DATA RECORDS:
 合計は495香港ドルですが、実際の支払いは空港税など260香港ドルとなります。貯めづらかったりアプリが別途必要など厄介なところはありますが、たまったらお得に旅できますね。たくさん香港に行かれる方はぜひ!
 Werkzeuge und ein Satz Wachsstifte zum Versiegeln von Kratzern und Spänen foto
==
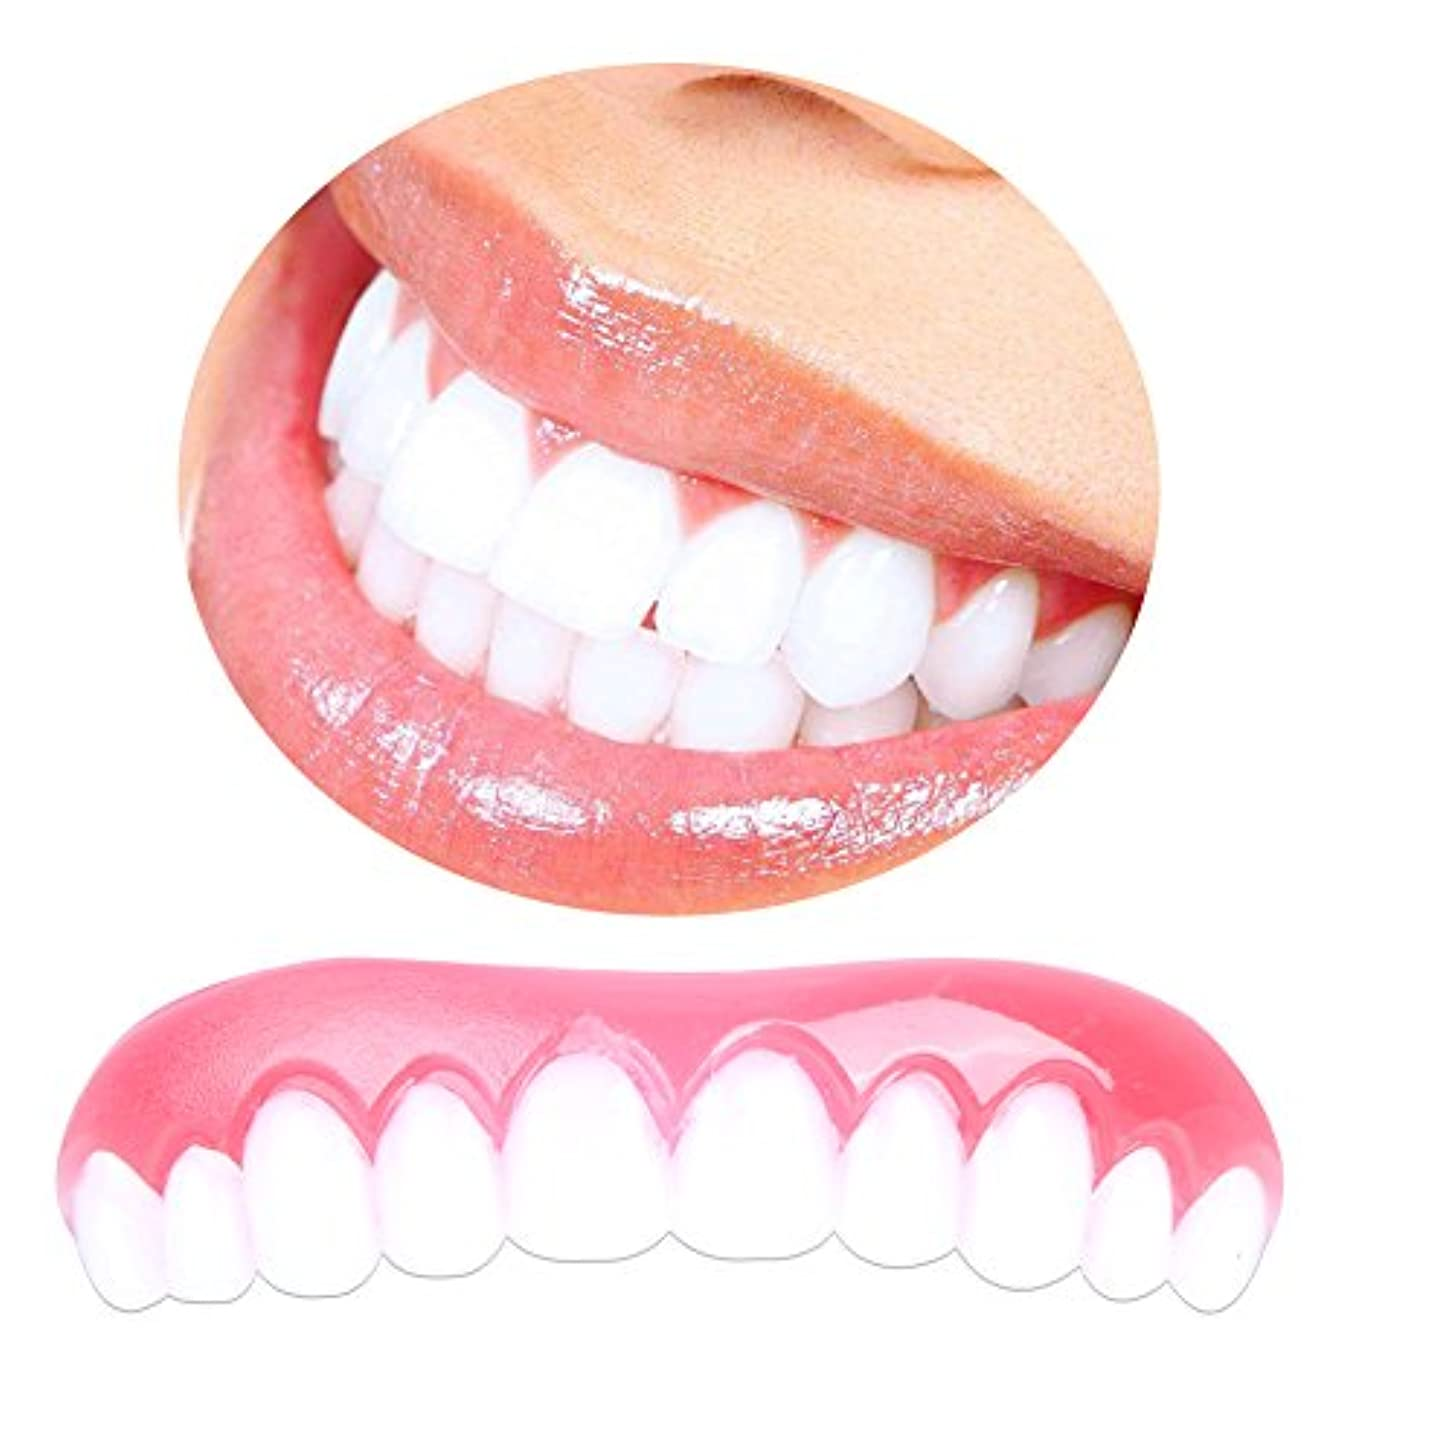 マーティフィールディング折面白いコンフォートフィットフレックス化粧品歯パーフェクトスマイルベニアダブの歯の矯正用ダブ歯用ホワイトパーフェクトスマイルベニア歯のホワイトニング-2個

WHAT YOU HAVE TO DO:
Look above for the line containing "合計は495香港ドルですが、" and the line containing "Werkzeuge und ein". Transcribe both, with the lines between them, exactly.

SOLUTION BELOW:
 合計は495香港ドルですが、実際の支払いは空港税など260香港ドルとなります。貯めづらかったりアプリが別途必要など厄介なところはありますが、たまったらお得に旅できますね。たくさん香港に行かれる方はぜひ!
 Werkzeuge und ein Satz Wachsstifte zum Versiegeln von Kratzern und Spänen foto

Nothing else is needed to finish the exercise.